__Task details__.
Skip the pictures. Quote every line below, exactly, from the one with "Aktuelle Ausgabe der APOLL-Zeitung zu Corona" through the final line.

__Data records__.

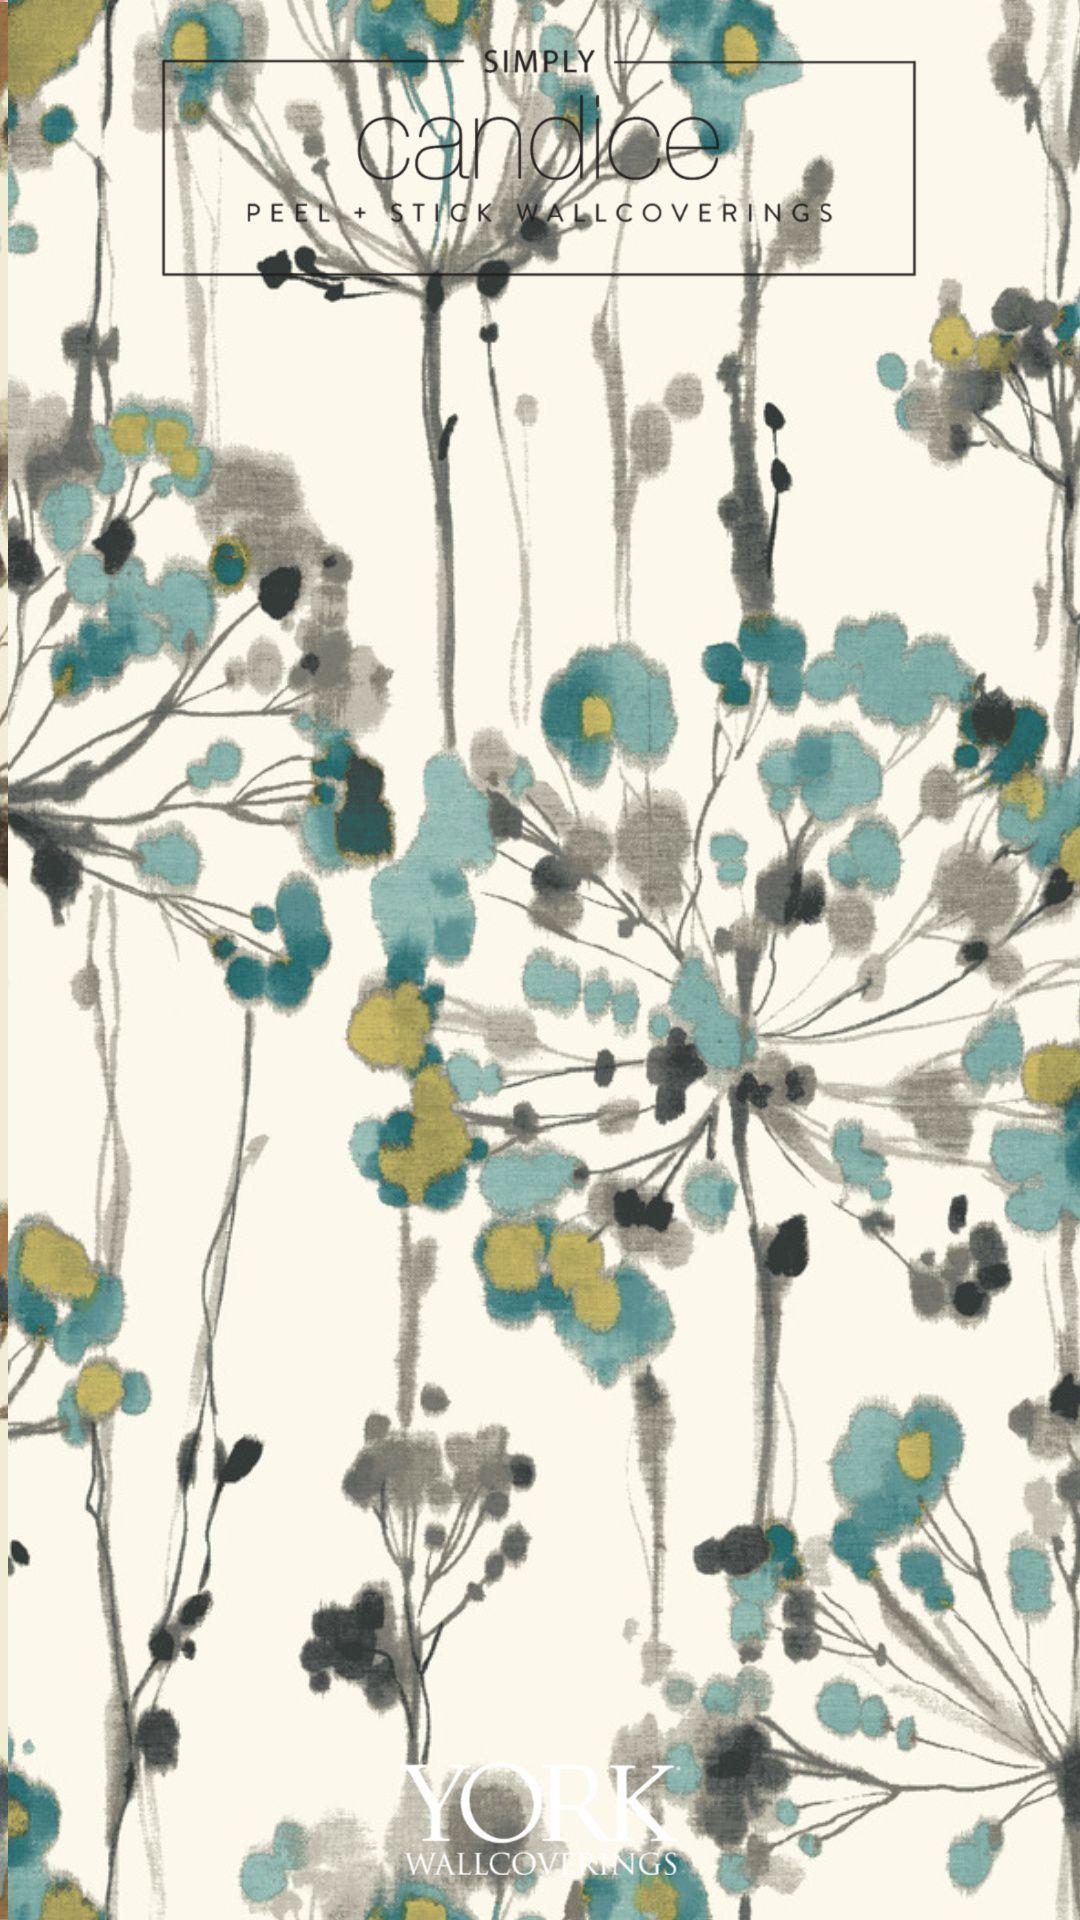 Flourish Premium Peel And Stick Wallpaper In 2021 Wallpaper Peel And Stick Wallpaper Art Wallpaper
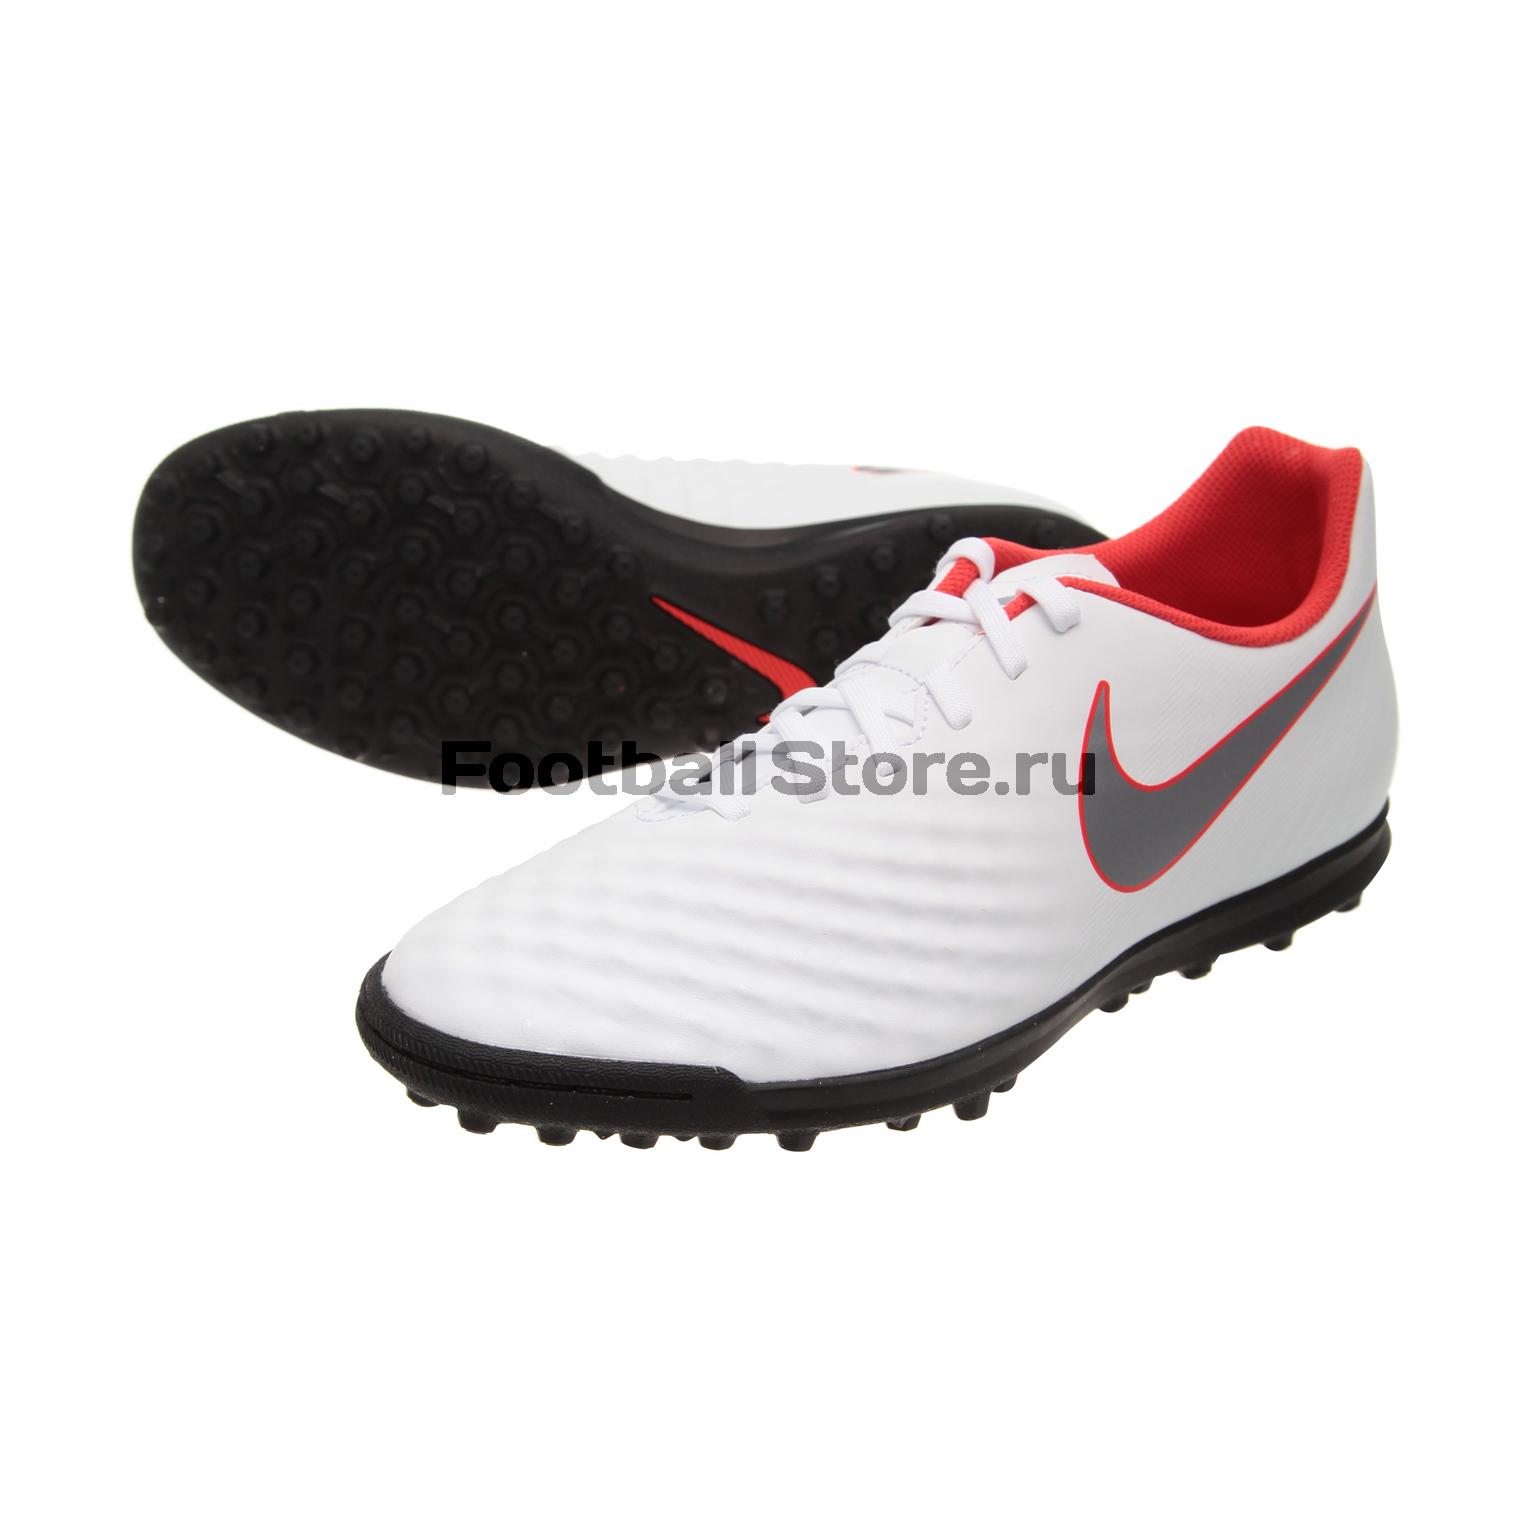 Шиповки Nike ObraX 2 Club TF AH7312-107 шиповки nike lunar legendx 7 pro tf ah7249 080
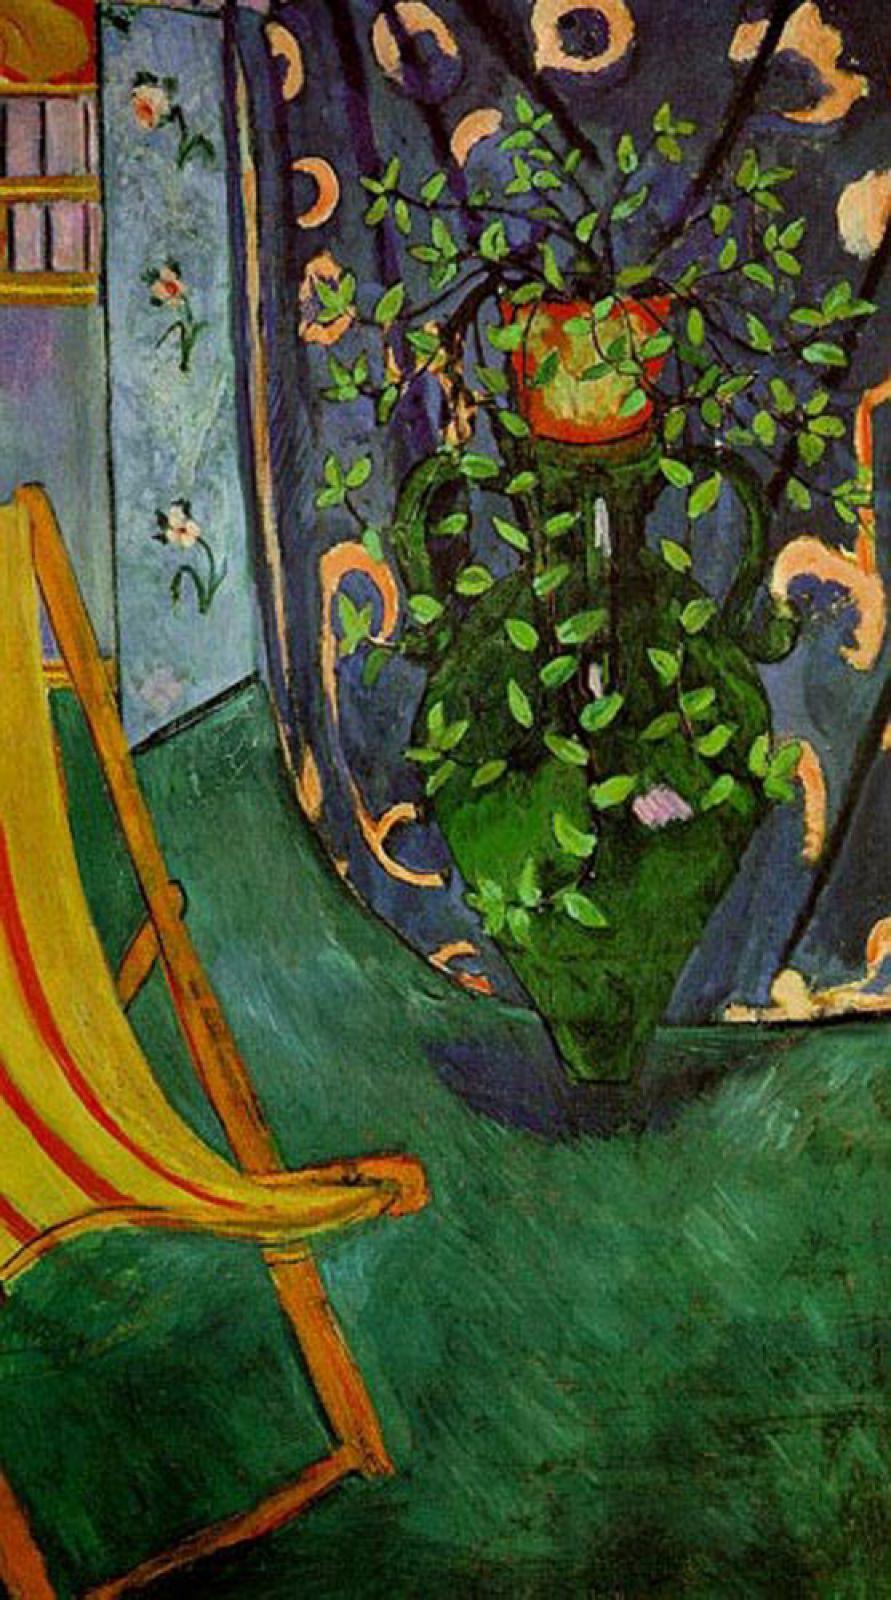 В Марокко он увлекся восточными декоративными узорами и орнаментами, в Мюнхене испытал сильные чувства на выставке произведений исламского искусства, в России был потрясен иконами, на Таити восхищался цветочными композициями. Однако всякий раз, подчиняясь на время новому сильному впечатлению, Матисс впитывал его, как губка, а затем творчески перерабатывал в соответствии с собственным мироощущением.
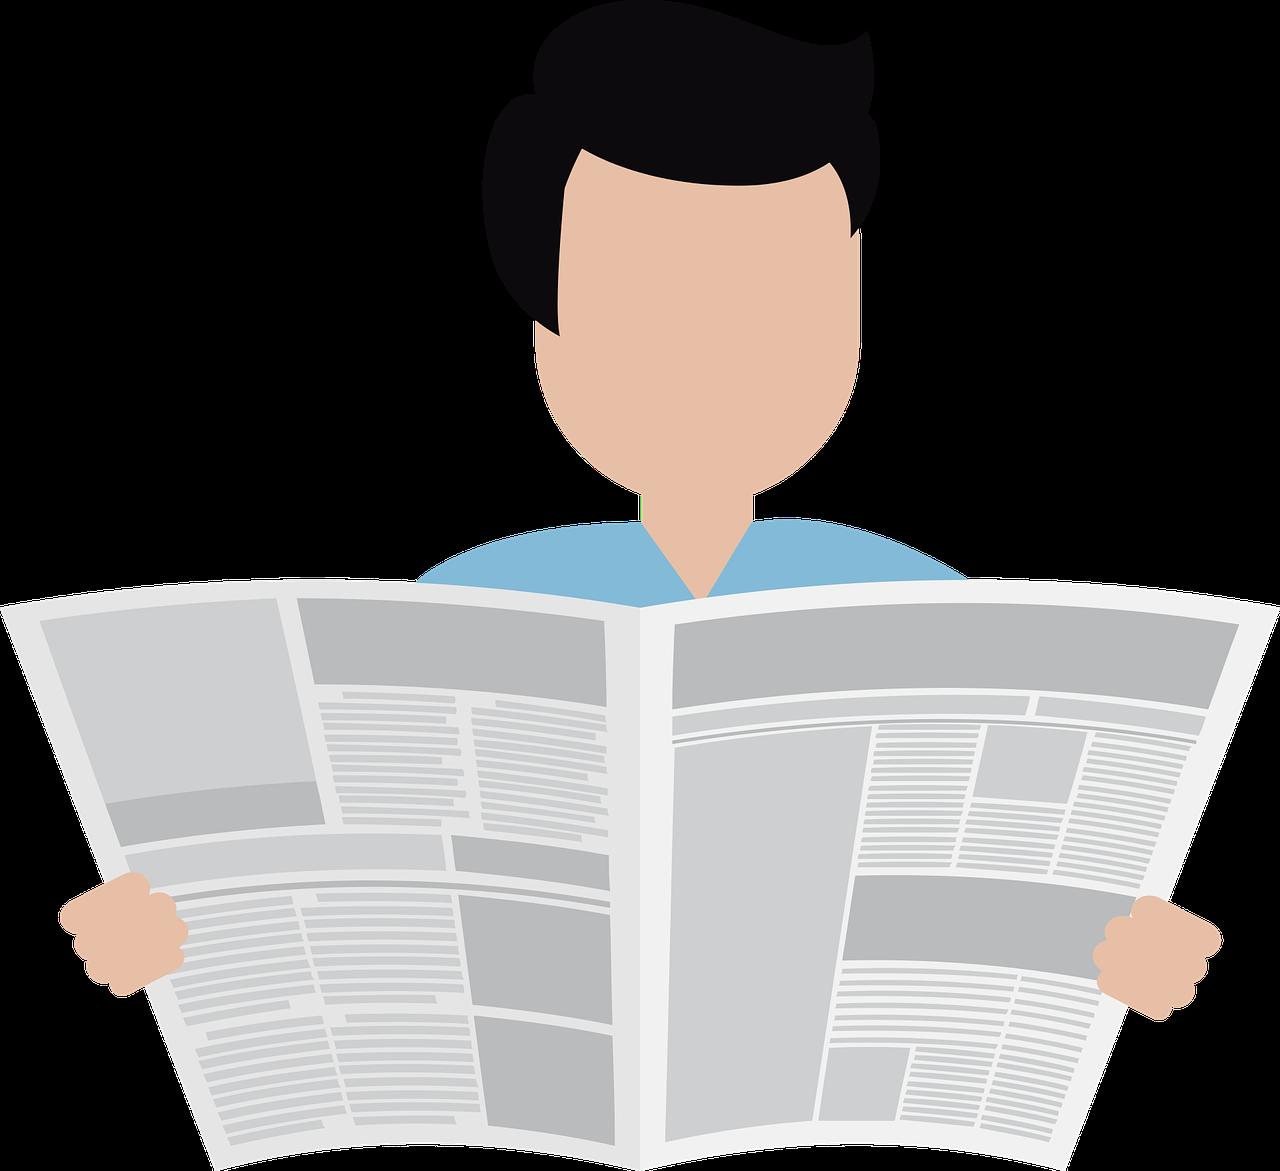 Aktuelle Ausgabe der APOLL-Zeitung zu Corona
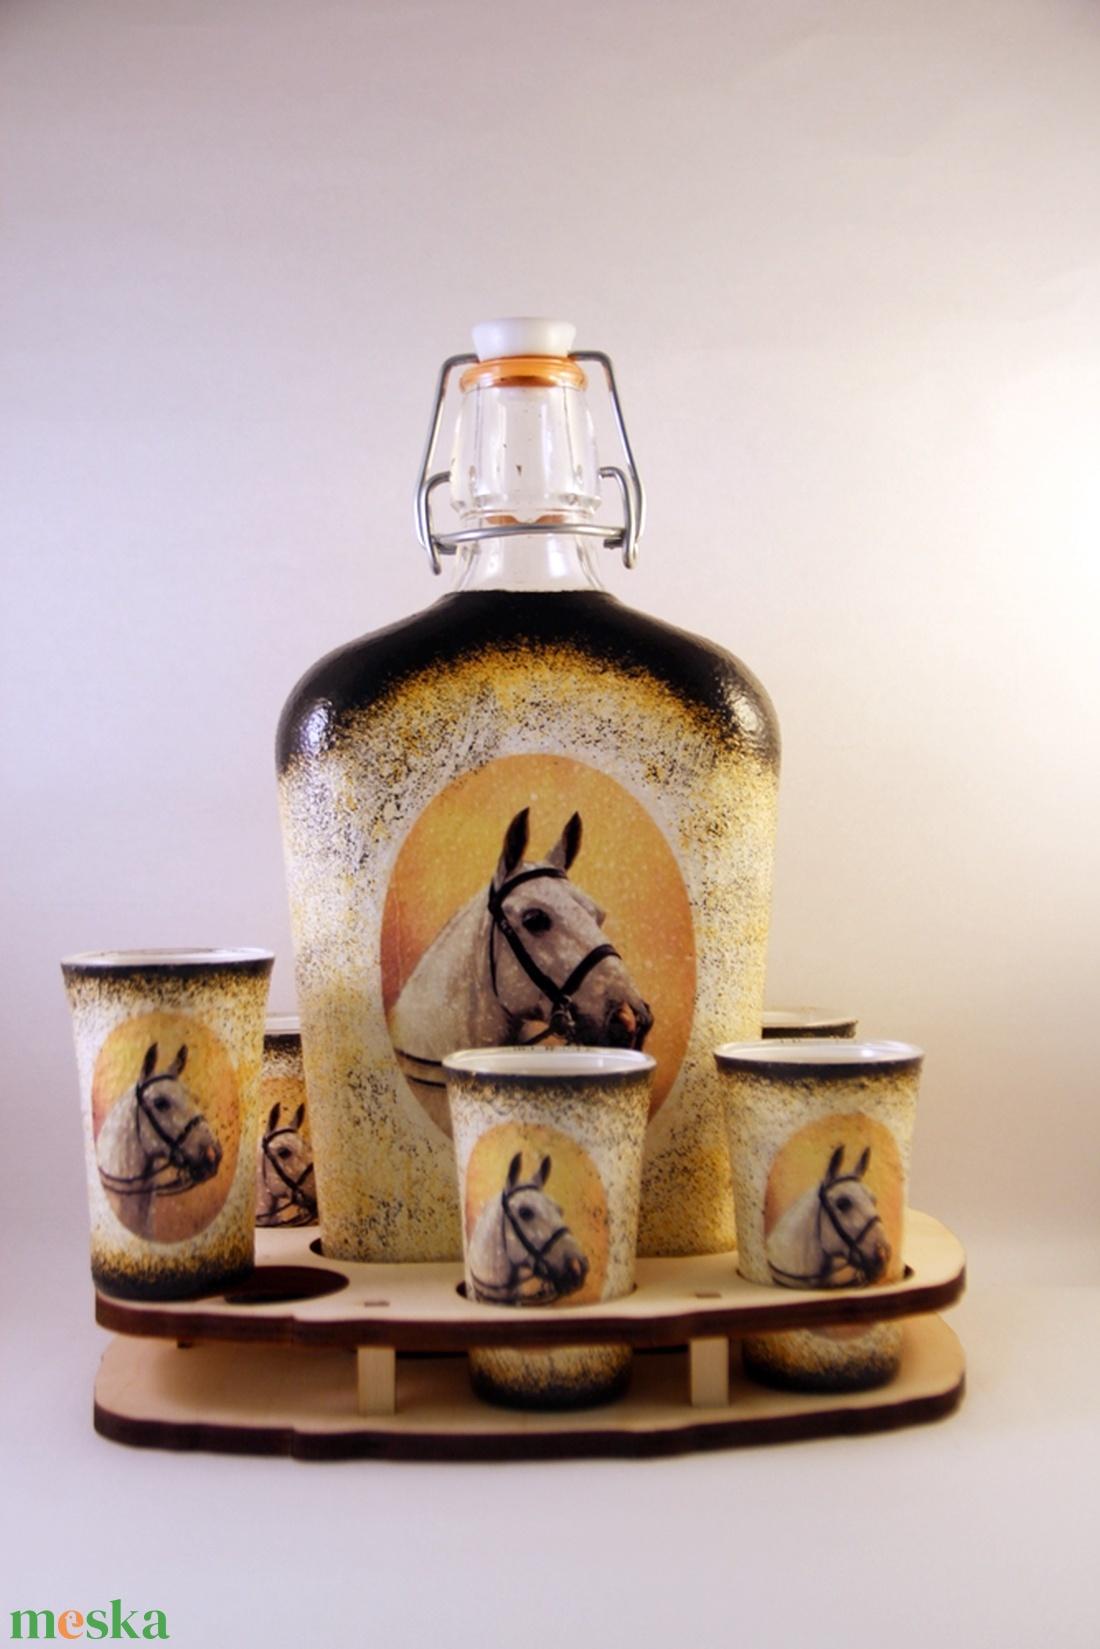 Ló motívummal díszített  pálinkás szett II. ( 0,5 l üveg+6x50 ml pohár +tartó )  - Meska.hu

__Your response__.
 Aktuelle Ausgabe der APOLL-Zeitung zu Corona
 Ló motívummal díszített  pálinkás szett II. ( 0,5 l üveg+6x50 ml pohár +tartó )  - Meska.hu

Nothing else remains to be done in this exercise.